At 7 years old, Spencer Beckstead had barely had a chance to live, but here he was at the emergency room at Orlando Regional Medical Center, dying. And somehow, nobody seemed to realize it was happening until it was too late.

He had been admitted to the emergency room on May 29, 2006, with a fever, dehydration and diarrhea, which was not uncommon for Spencer, who had battled serious health issues since he was diagnosed with a massive brain tumor when just a year old. His parents sought treatment for him at St. Jude Children’s Research Hospital in Memphis, Tenn., where he underwent years of treatment before he beat his cancer and was stable enough to move with his family to Orlando in 2004. But brain surgery and years of chemotherapy left him with lingering health issues and disabilities, and he was a frequent visitor to the hospital. “We took him in whenever he had a fever or a temperature spike, and he would be there for about three days,” his father, John Beckstead, says. “Ninety percent of the time we took him in, all he needed was an antibiotic.”

Perhaps that’s what he needed this time, as well. But if so, that antibiotic did not come. When Spencer arrived at the emergency room at 8:20 a.m., his heart rate, at 147, was elevated. He had a temperature of more than 101 degrees, and his blood pressure was 69 over 21. Though his vitals were not normal for the average child, according to a court deposition from Dr. Jakub Mieszczak, a resident who cared for him at the emergency room on the day he was admitted, they were considered “not unusual” for Spencer, who had what doctors called a “complex” medical history. So the staff gave him a glucocorticoid steroid to keep his heart rate and blood pressure up. They did not treat him for dehydration because, Mieszczak said, his assessment of Spencer was that he was “not dehydrated.” He ordered cultures to look for sources of potential infection, but they would take 48 hours to return – in the meantime, antibiotics were not offered, Mieszczak said, because of the risk of antibiotic resistance. So Spencer waited while emergency room staff monitored him.

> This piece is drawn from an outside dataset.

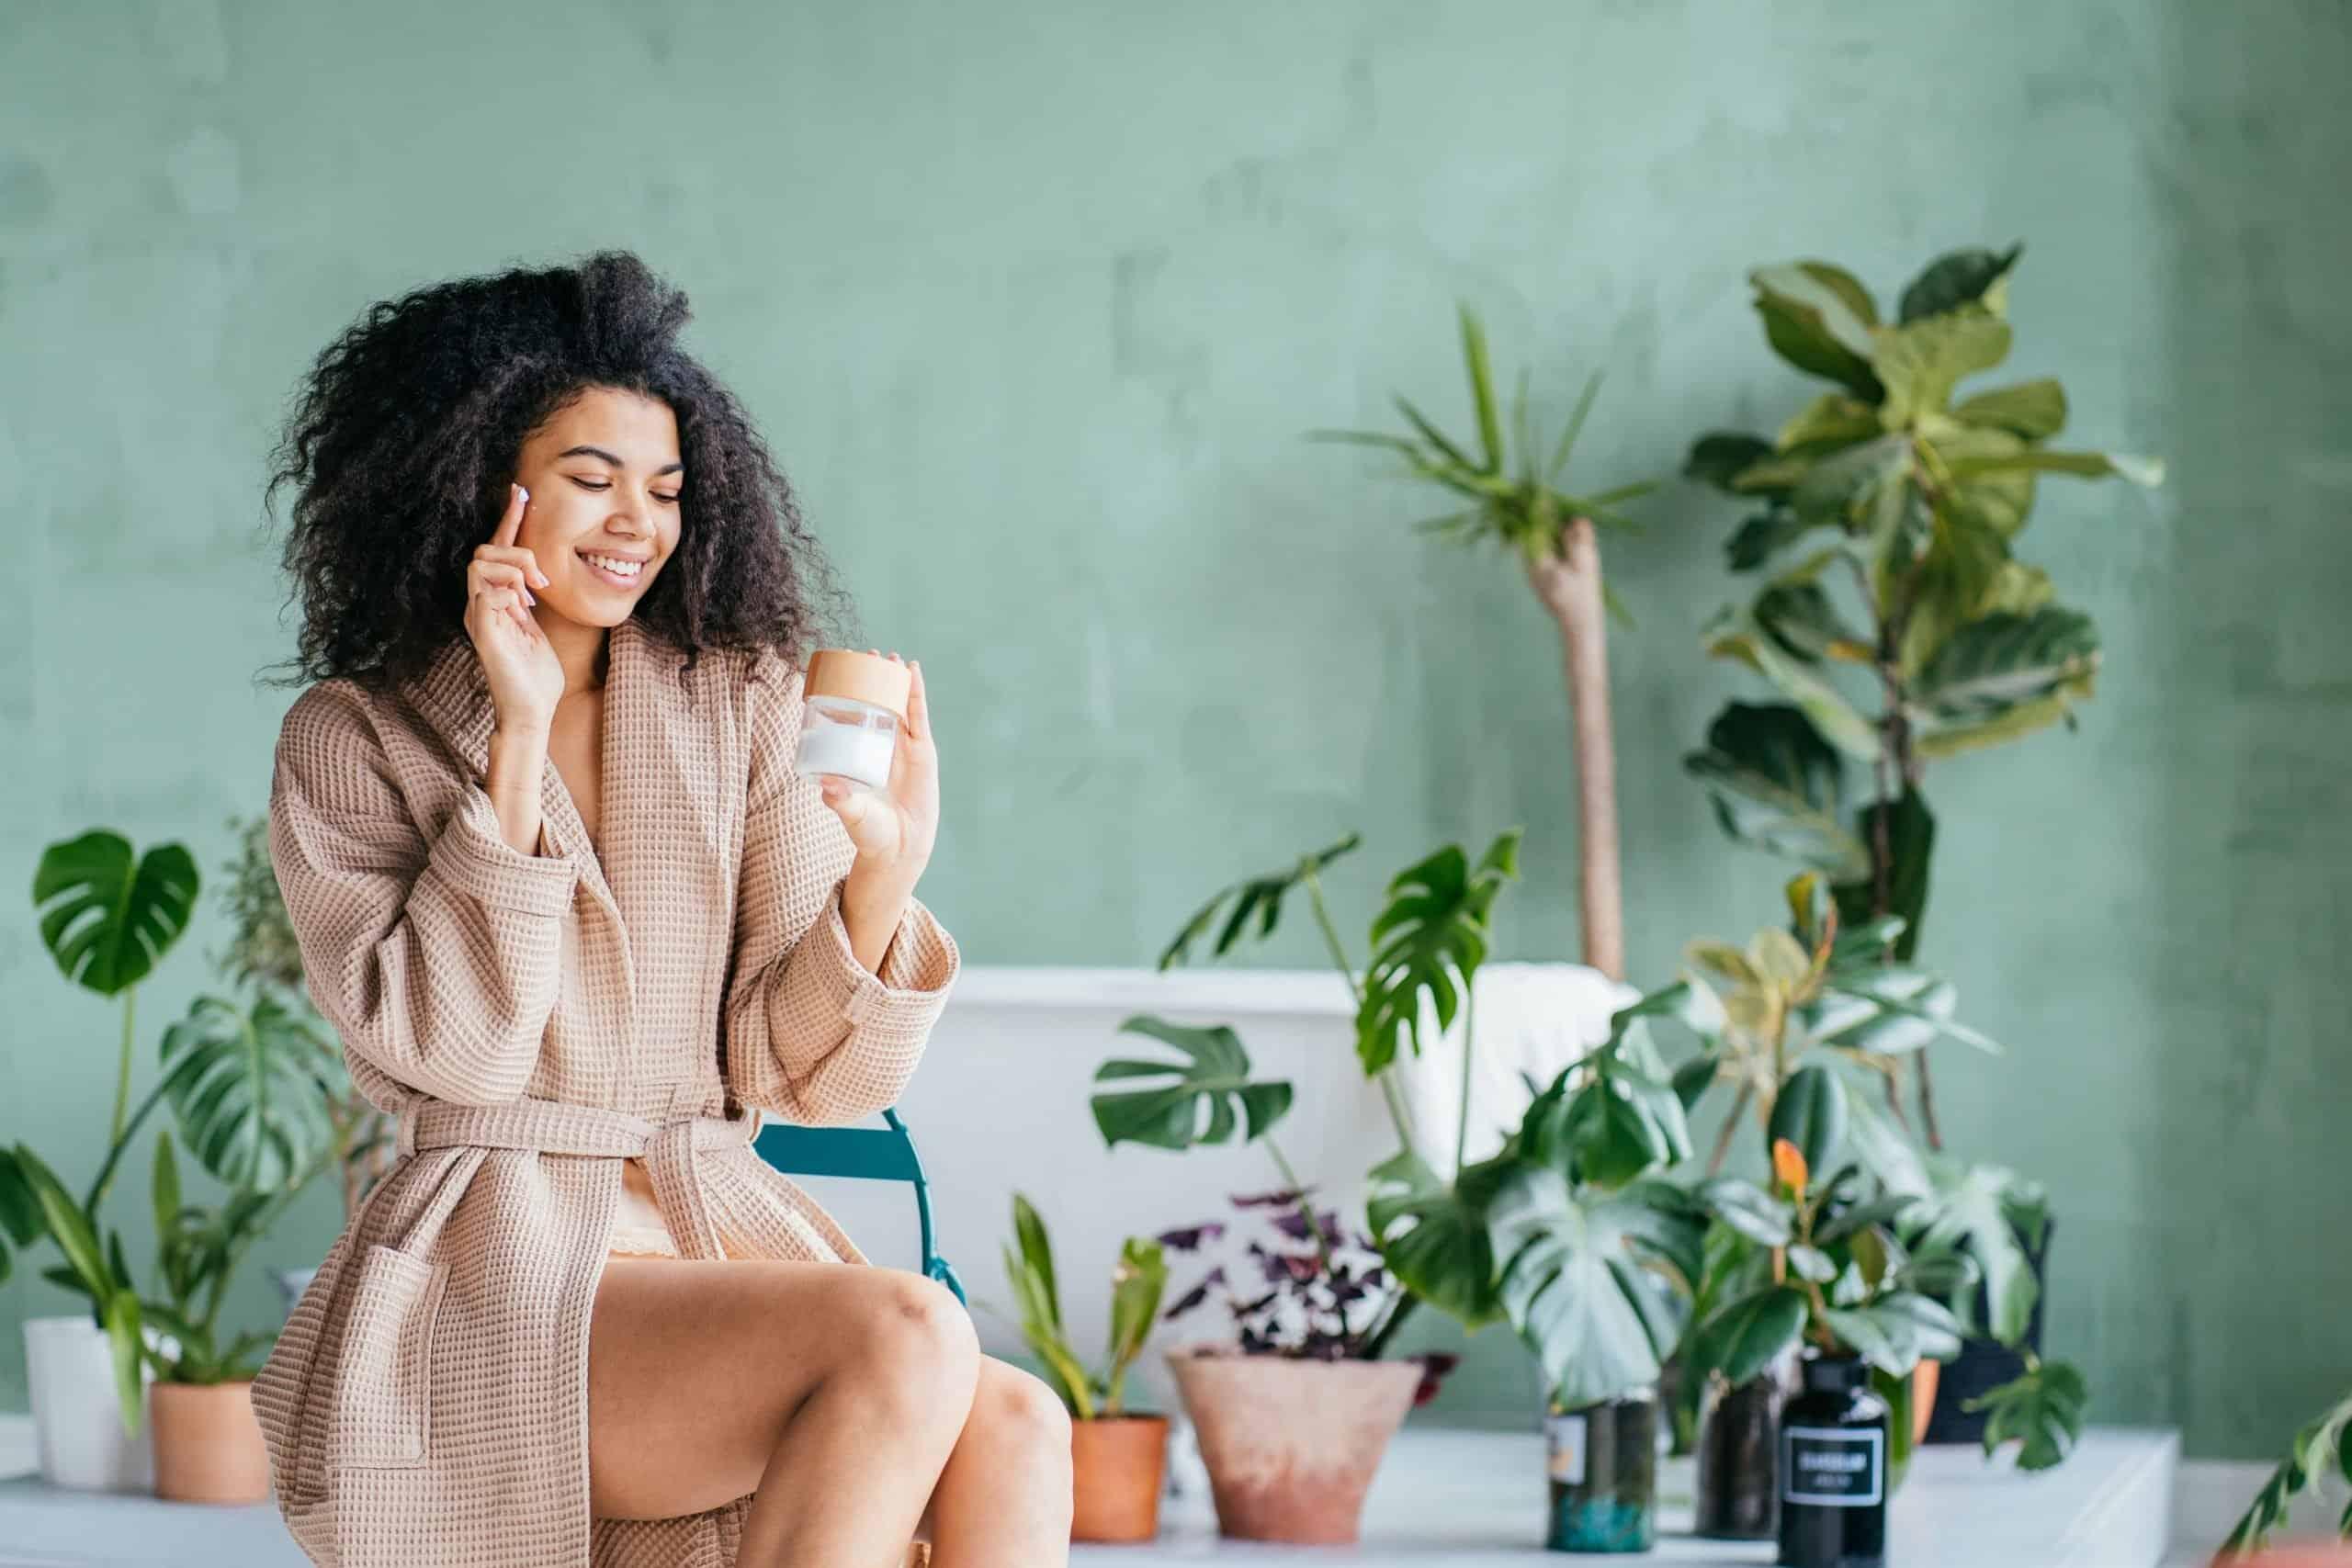 smiling woman enjoying skin care
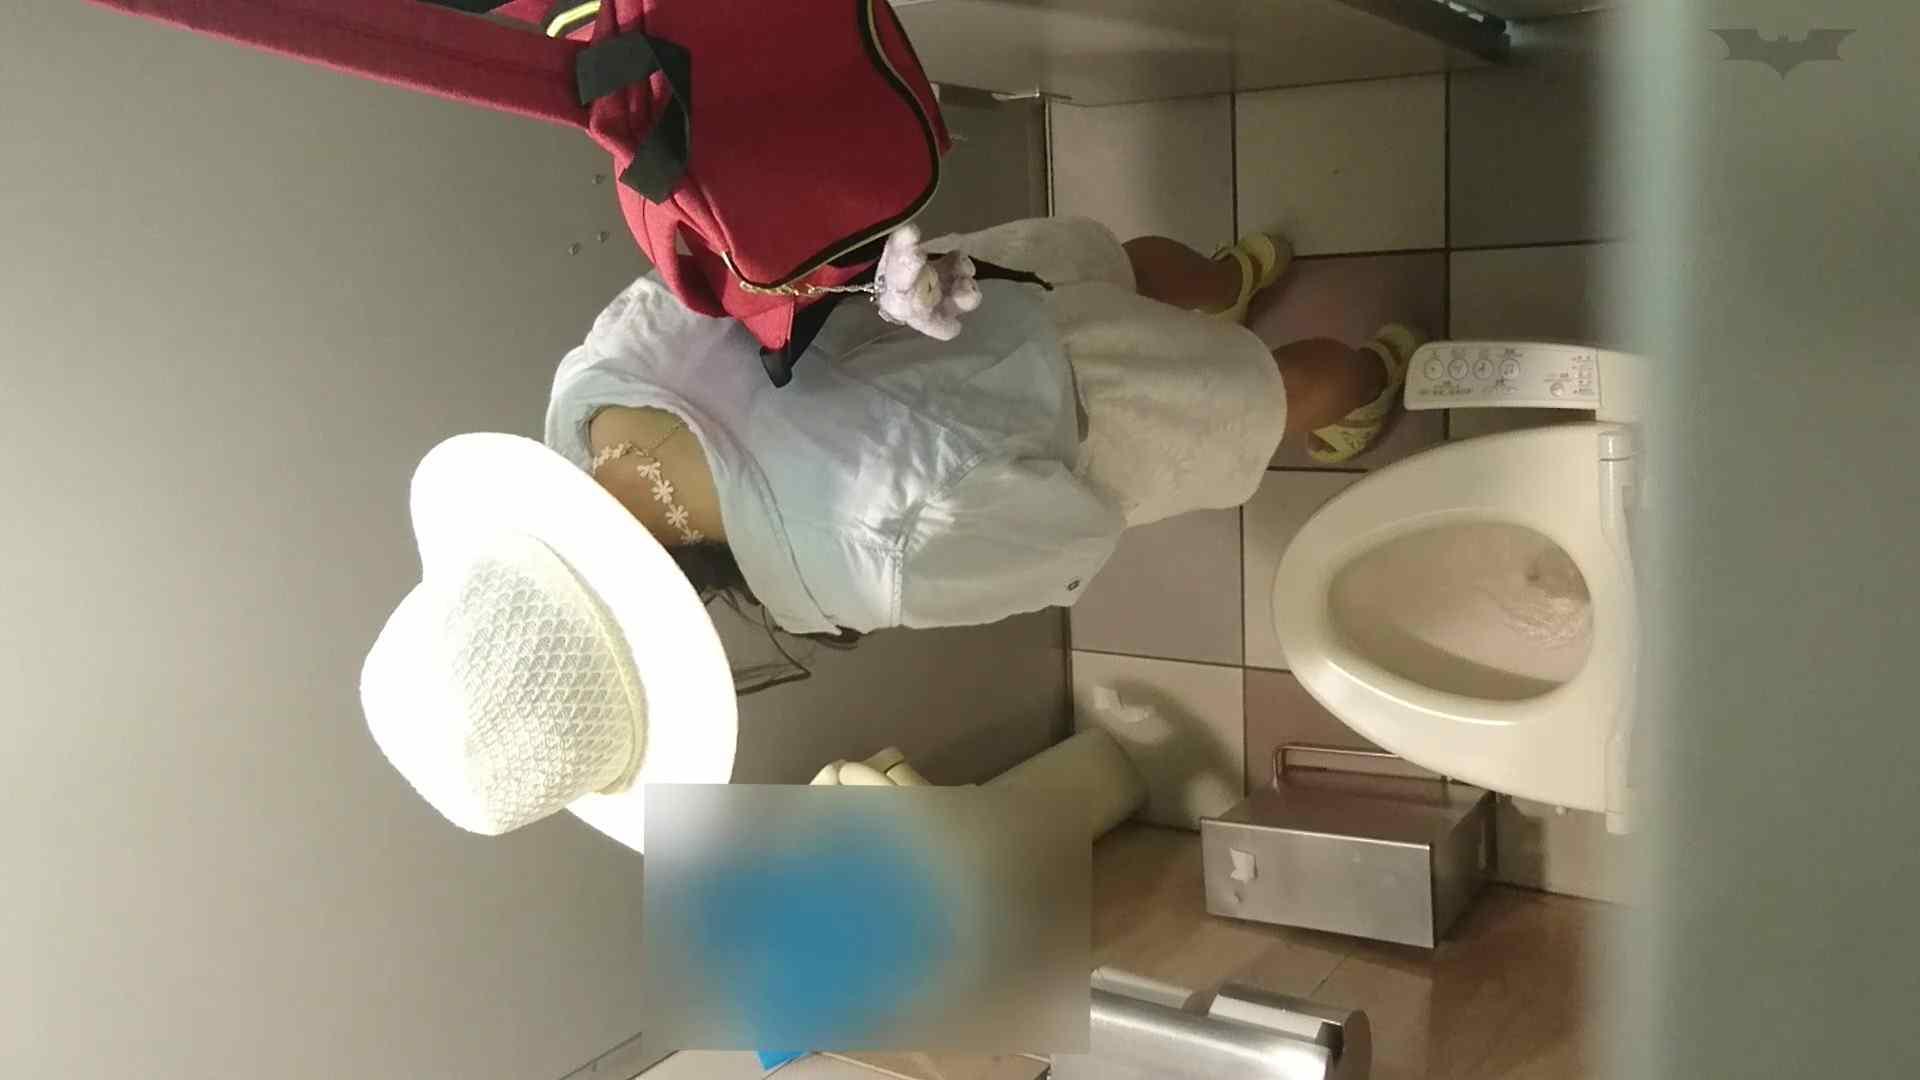 化粧室絵巻 ショッピングモール編 VOL.24 むっちりガール おめこ無修正動画無料 109枚 8

Over the next two hours, his vital signs fluctuated. By 1 p.m., his temperature, heart rate and respiratory rate were up again, and his blood pressure had dropped. At 1:22 p.m., nearly five hours after the Becksteads first arrived at the emergency room, Mieszczak called to admit Spencer to Arnold Palmer Hospital for Children, where the child had been a patient on and off since 2004. Fluids were ordered for him while they waited for transport to arrive. But at 1:52 p.m., it was clear that Spencer was in distress. By 2:15 p.m., he began to code. Mieszczak was at lunch.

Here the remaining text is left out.